AR-42 Suppressed AsPC-1 Xenograft Tumor Growth In Vivo
The in vivo efficacy of AR-42 was assessed in a subcutaneous xenograft tumor model of pancreatic cancer. Female athymic nude mice bearing established AsPC-1 tumors (mean ± SD, 90.7 ± 9.4 mm3) were treated with 50 mg/kg AR-42 or vehicle (n = 7 in each group) by oral gavage every other day. As shown in Figure 3A, AR-42 significantly suppressed AsPC-1 tumor growth. The growth in tumor volume at each of the time points examined was significantly lower in the AR-42–treated group than in the vehicle-treated group [7 days, (P < .05), 14 days (P < .0001), and 21 days (P < .0001) of treatment], culminating in a 78% reduction in tumor growth at the study end point. To correlate the suppression of tumor growth with the observed in vitro results, the effects of AR-42–mediated HDAC inhibition on representative intratumoral biomarkers of drug activity were evaluated by Western blotting of tumor lysates collected at the end of the study.
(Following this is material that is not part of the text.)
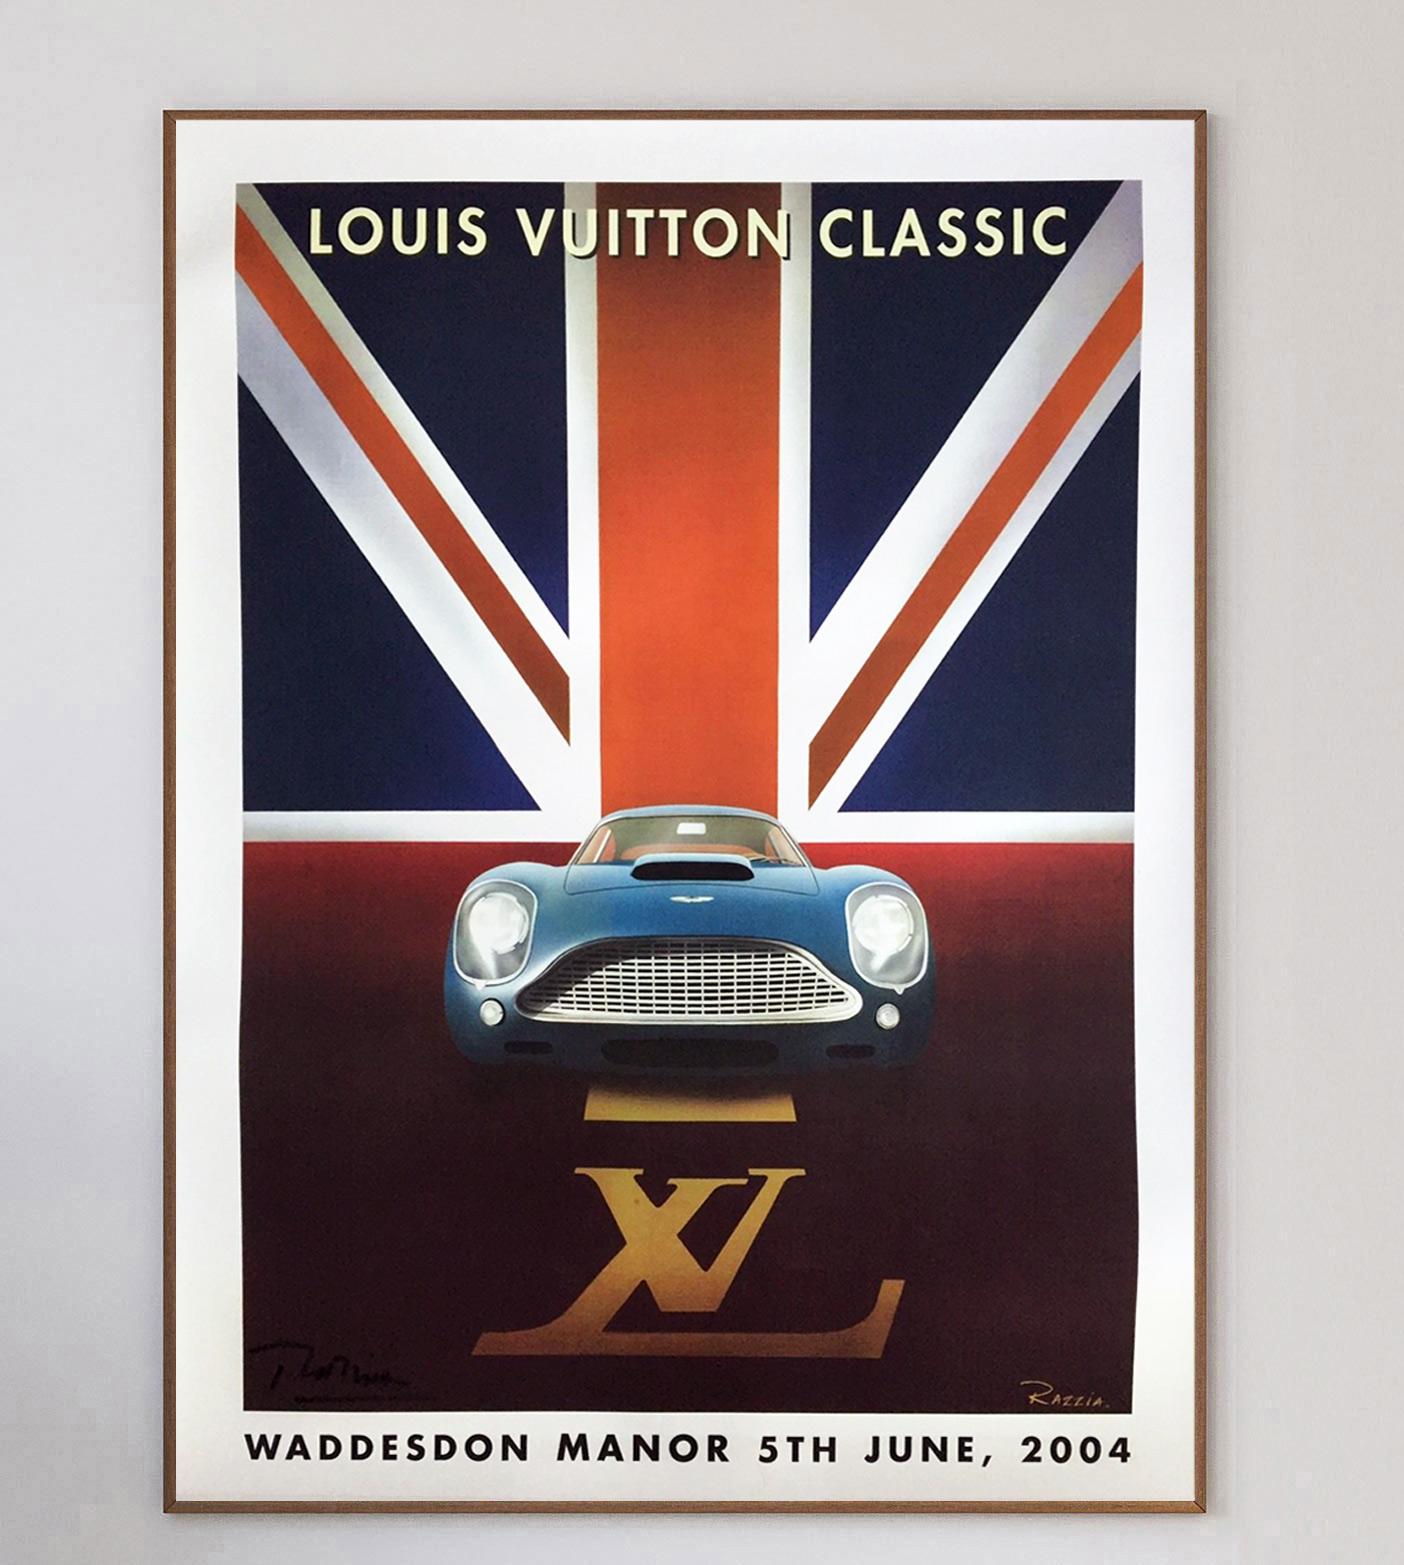 Organisé à Waddesdon Manor, à Oxford, en juin 2004, le Louis Vuitton Classic est un événement organisé par la marque de luxe française. Représentant une superbe Aston Martin devant un Union Jack, le design art déco est entièrement

Consistent with the in vitro findings, tumor suppression was associated with increased acetylation of histone H3 and changes in the expression of the apoptosis regulators BCL-XL and BAK and the cell cycle regulators c-Myc, PCNA, and cyclin B1 (Figure 3B).
AR-42 Suppressed Tumor Growth in a Genetically Engineered Model of Pancreatic Cancer
Pursuant to the above finding, we used the KPfl/flC (LSL-KrasG12D;Trp53flox/flox;Pdx-1-Cre) mouse model, which recapitulates the functional heterogeneity of human pancreatic cancer [29] to evaluate the in vivo efficacy of AR-42. Twenty-eight-day-old mice were treated with vehicle (n = 11) or AR-42 at 25 (n = 7) or 50 mg/kg (n = 11) by oral gavage every other day until sacrifice (Figure 4A). Ultrasound measurements of tumor volume demonstrated that AR-42 at 50 mg/kg significantly decreased tumor growth by 55% after 4 weeks of treatment (8 weeks of age) (P < .05) (Figure 4B), which was paralleled by reductions of 57.4% and 55.8% in the total weights of tumoral pancreas at the study end point in mice treated with AR-42 at 25 and 50 mg/kg, respectively (P < .0001 for both dosages) (Figure 4C). Immunohistochemical analysis of pancreatic tumors showed that treatment with AR-42 significantly decreased the percent of tumor area (pan-cytokeratin staining) (P < .05) (Figure 4D). Analysis of pancreatic tumors using immunofluorescence showed that treatment with AR-42 significantly decreased the percentage of proliferative tumor cells (P < .001) (Figure 4F) and increased percent caspase 3 area (P < .05) (Figure 4G).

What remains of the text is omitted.